● **INSTRUCTIONS FOR THE TASK**: Where an image appears in the data, omit it and reproduce the rest exactly.

● **COLLECTED MATERIAL**:
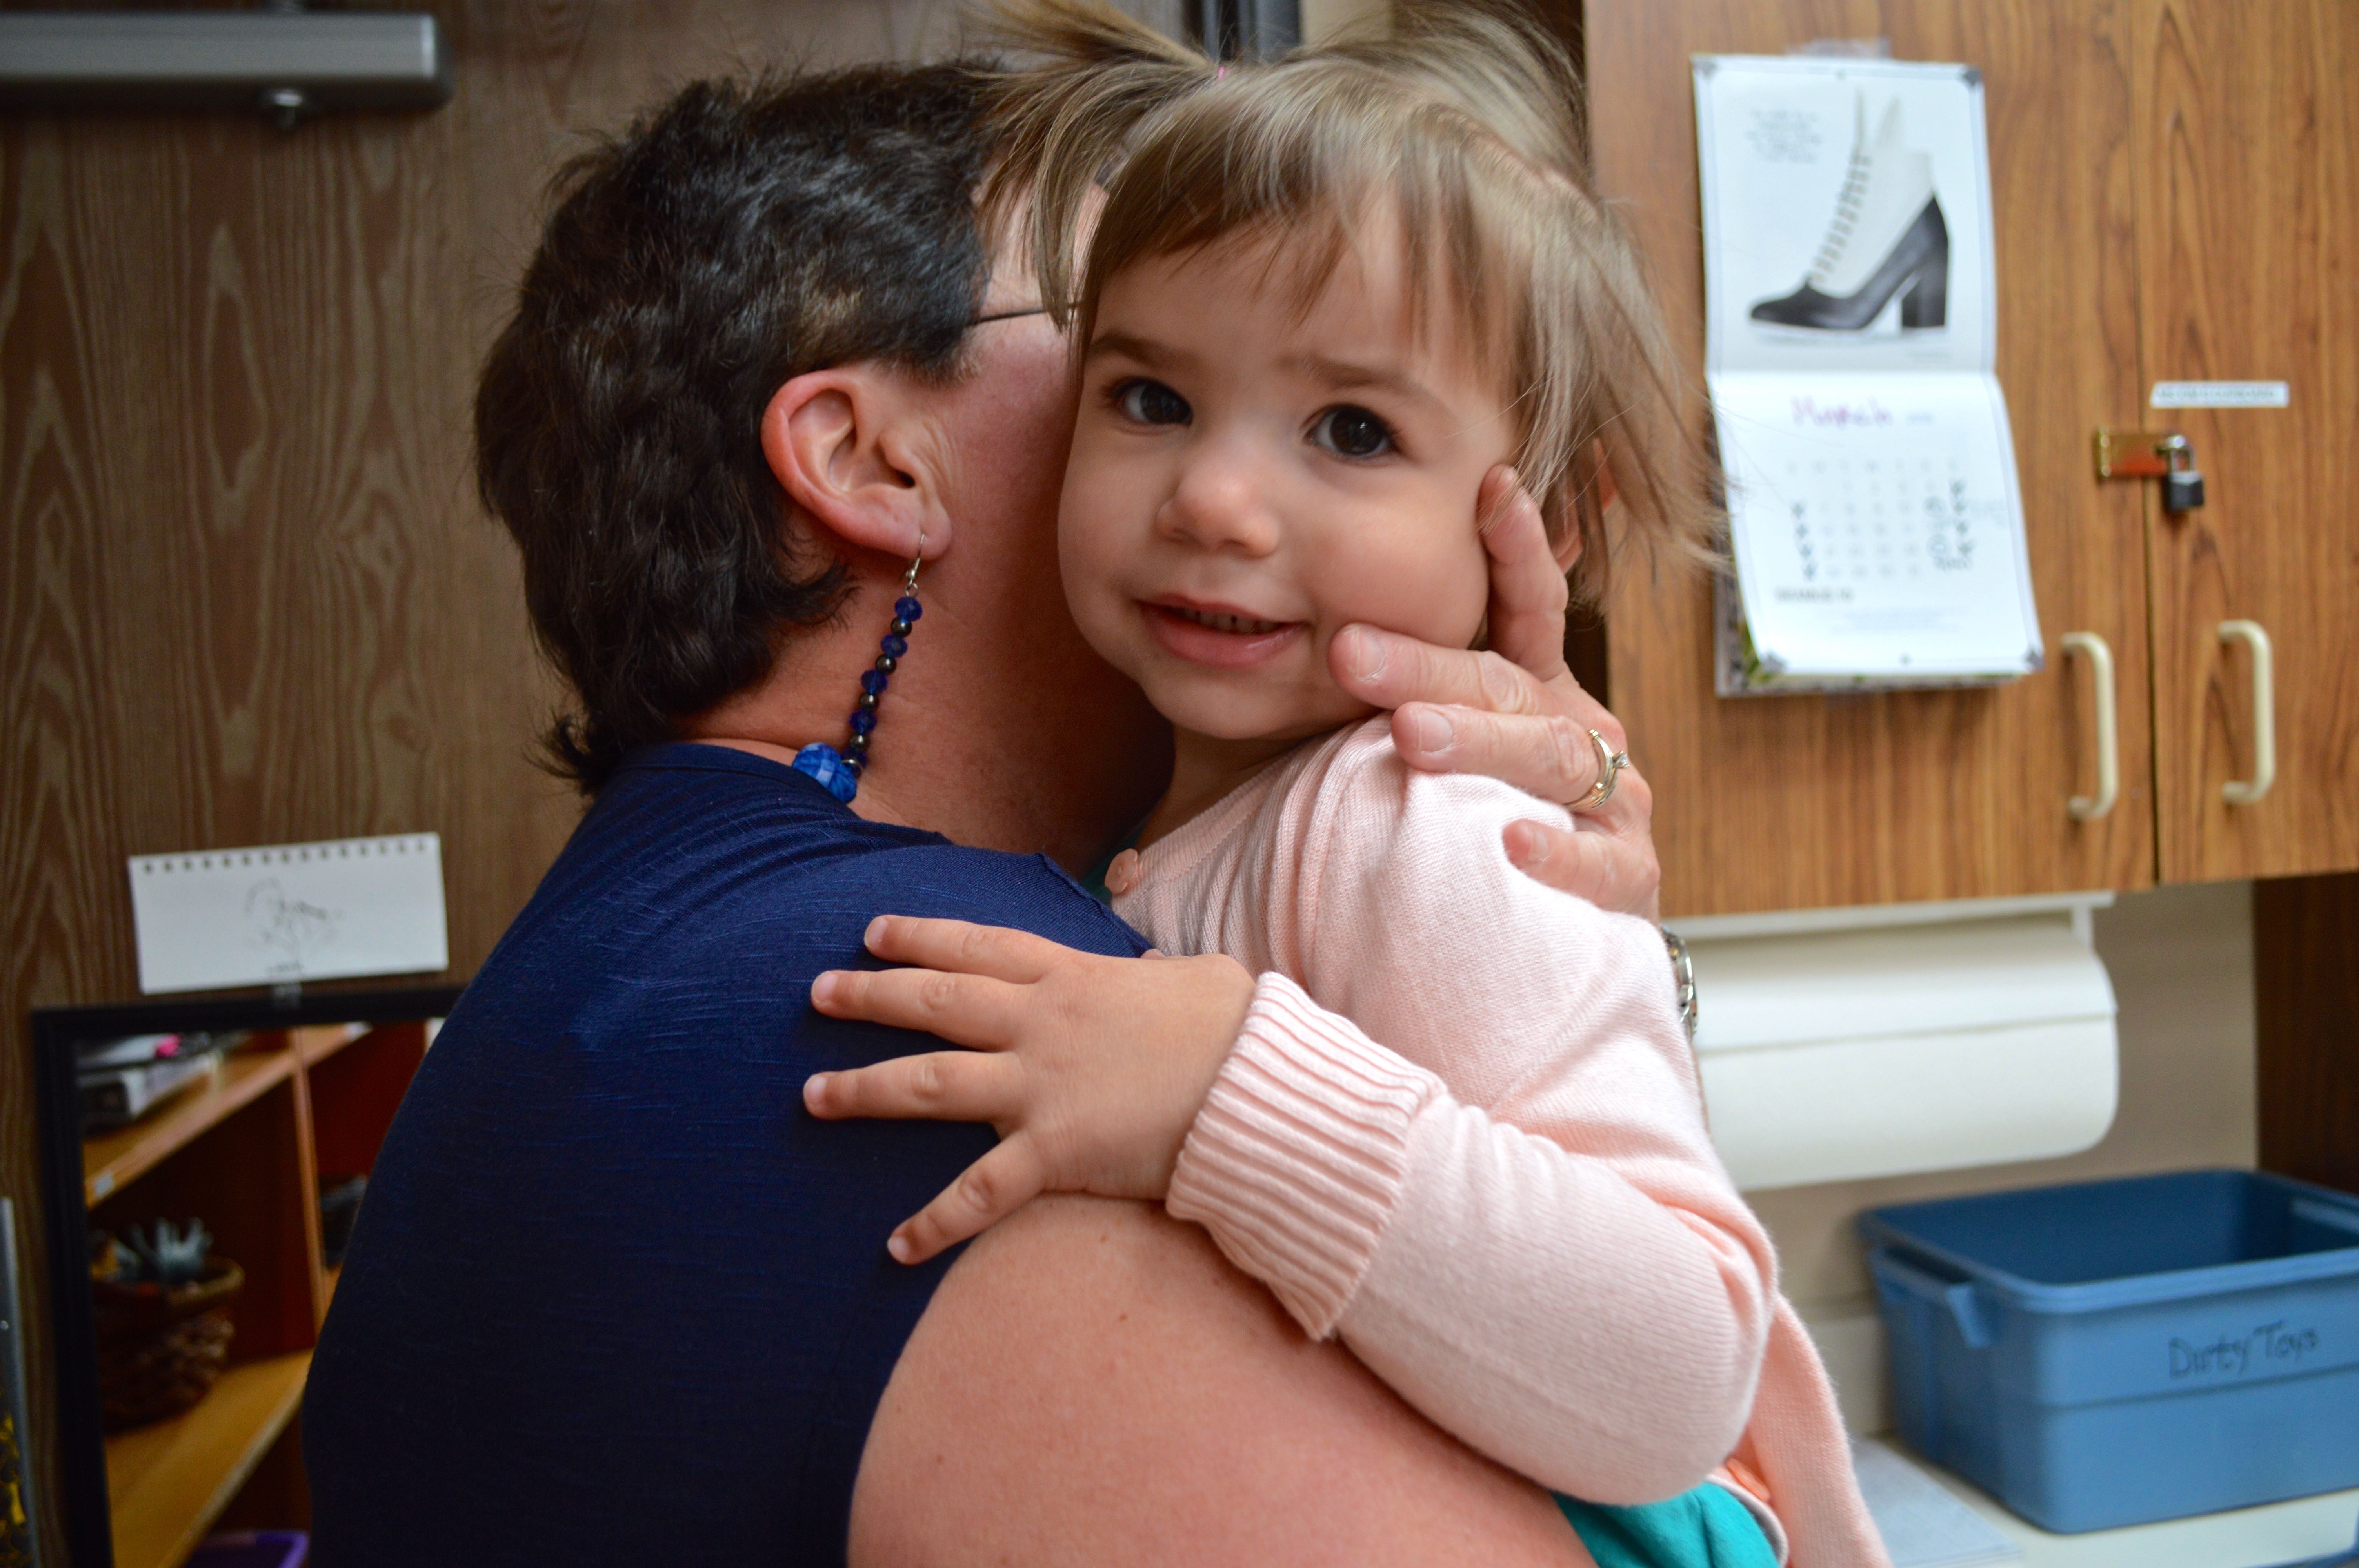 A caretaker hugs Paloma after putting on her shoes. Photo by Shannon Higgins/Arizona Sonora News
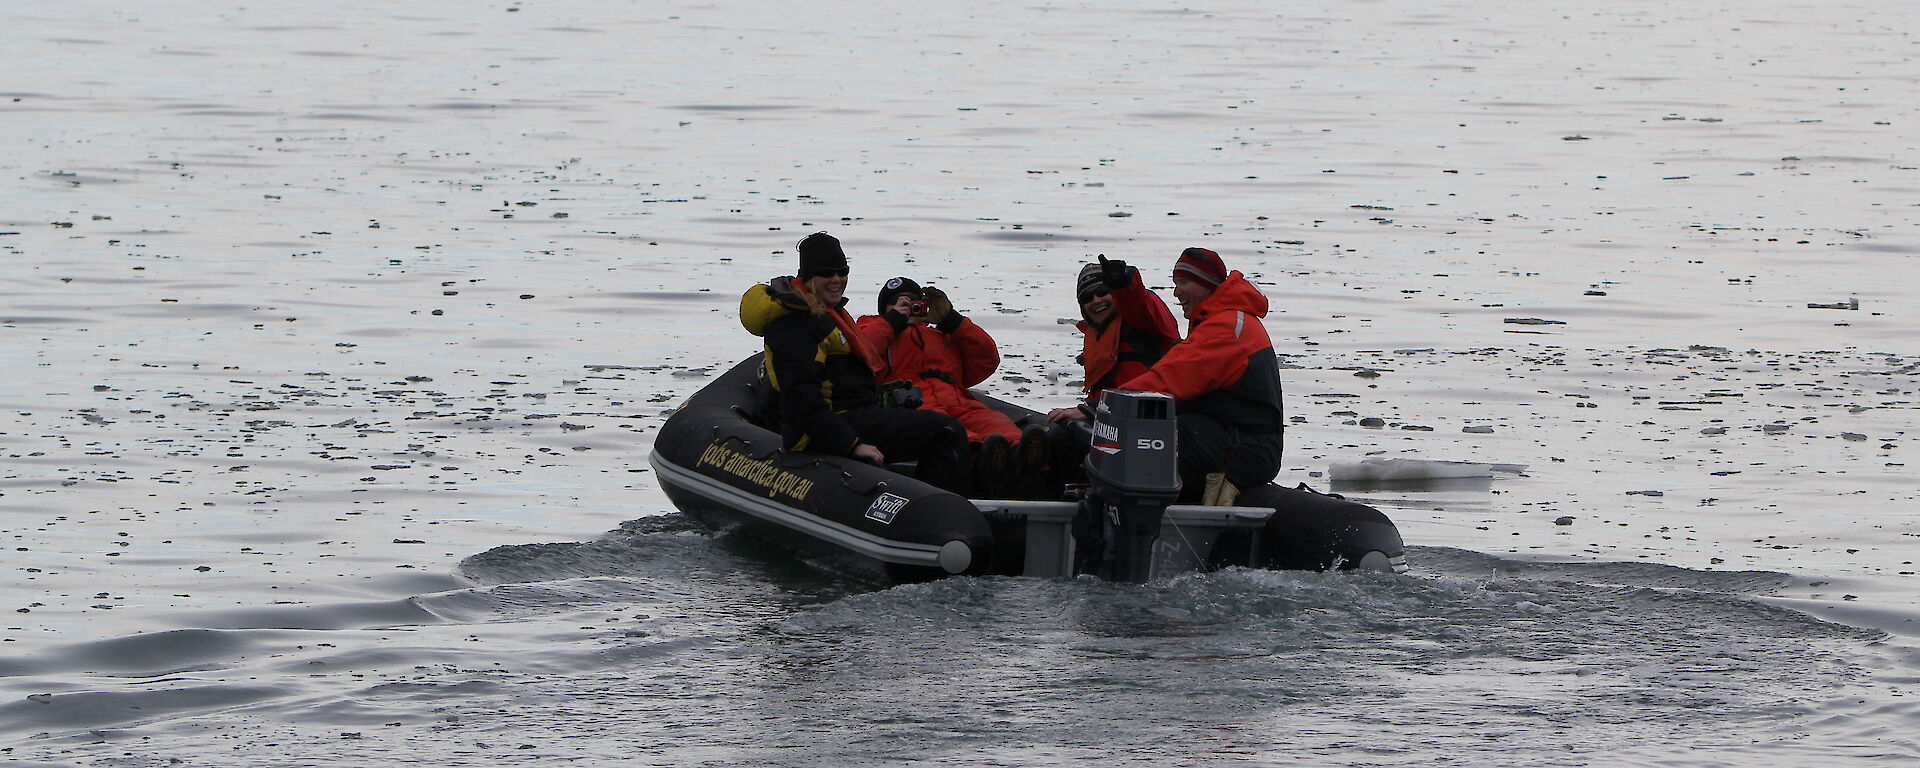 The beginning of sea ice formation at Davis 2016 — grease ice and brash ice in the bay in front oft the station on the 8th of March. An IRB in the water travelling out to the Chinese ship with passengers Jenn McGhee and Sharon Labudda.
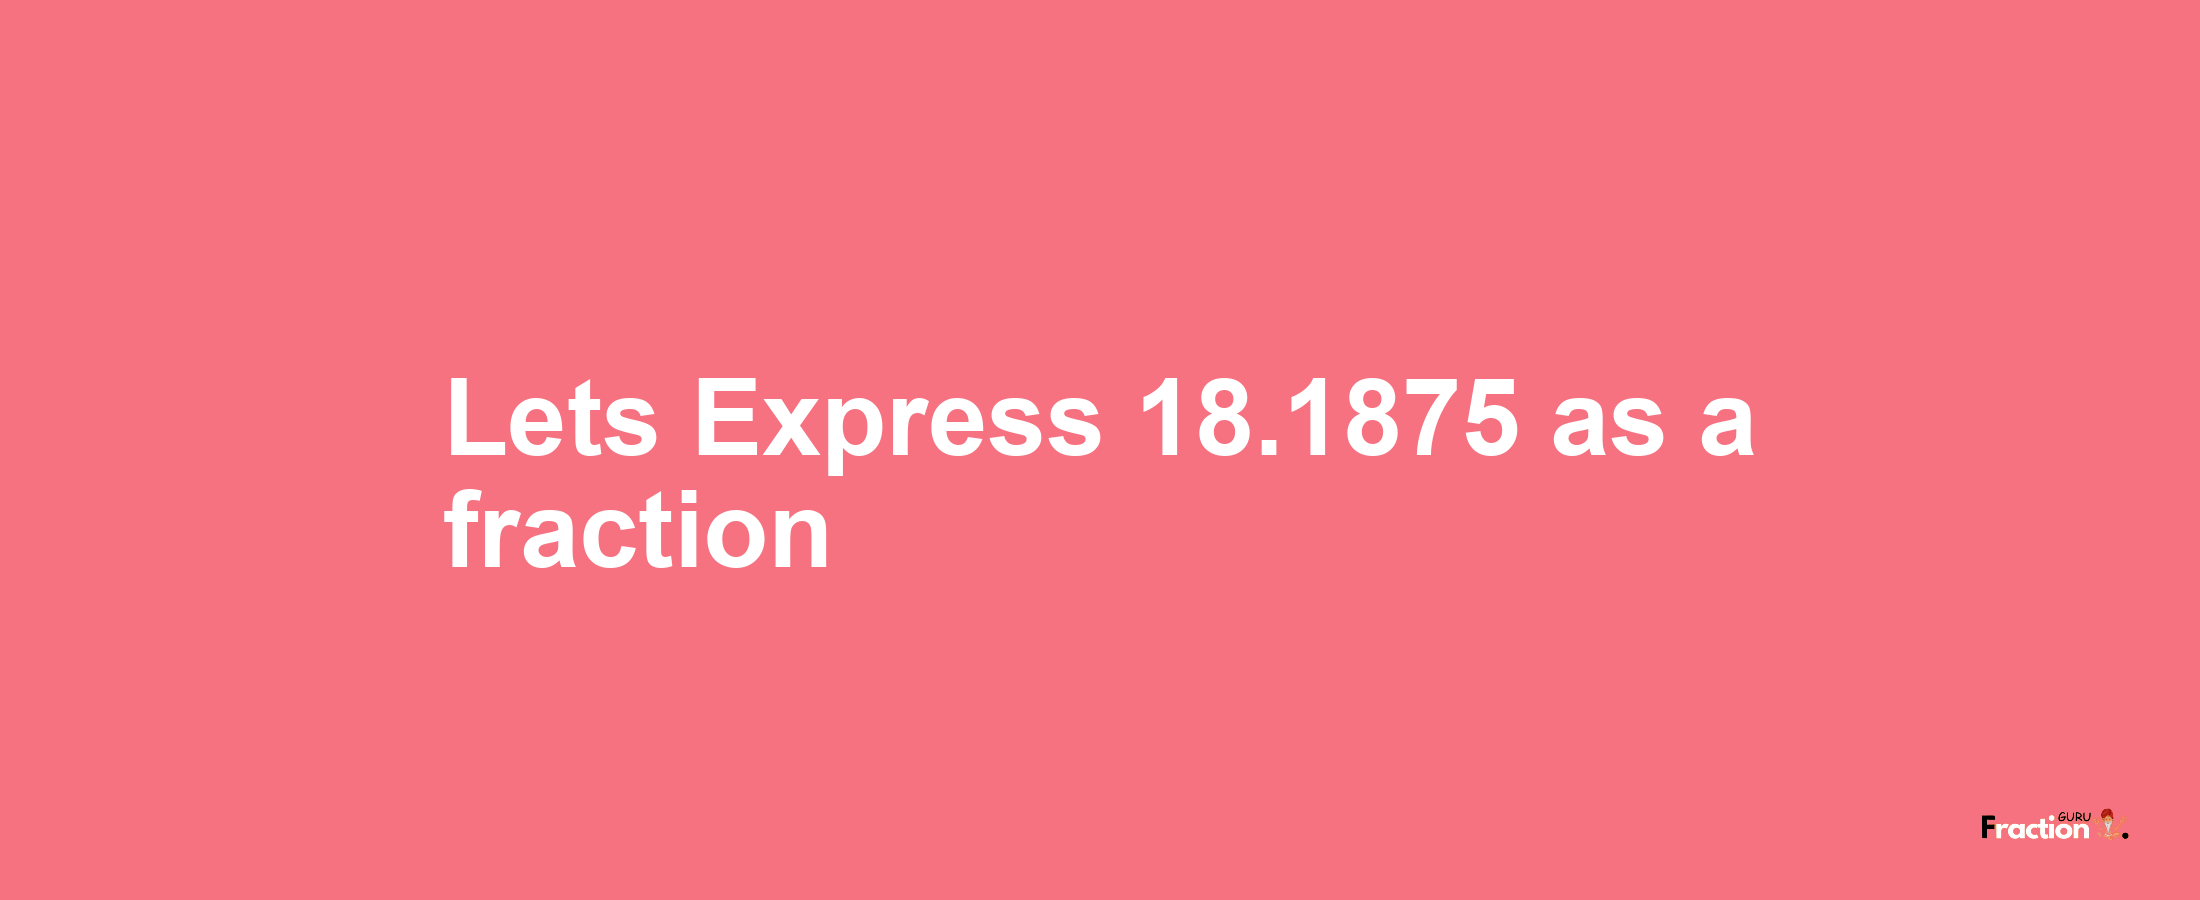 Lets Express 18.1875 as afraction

● **EXERCISE RESULT**:
 A caretaker hugs Paloma after putting on her shoes. Photo by Shannon Higgins/Arizona Sonora News
 The beginning of sea ice formation at Davis 2016 — grease ice and brash ice in the bay in front oft the station on the 8th of March. An IRB in the water travelling out to the Chinese ship with passengers Jenn McGhee and Sharon Labudda.
 Lets Express 18.1875 as afraction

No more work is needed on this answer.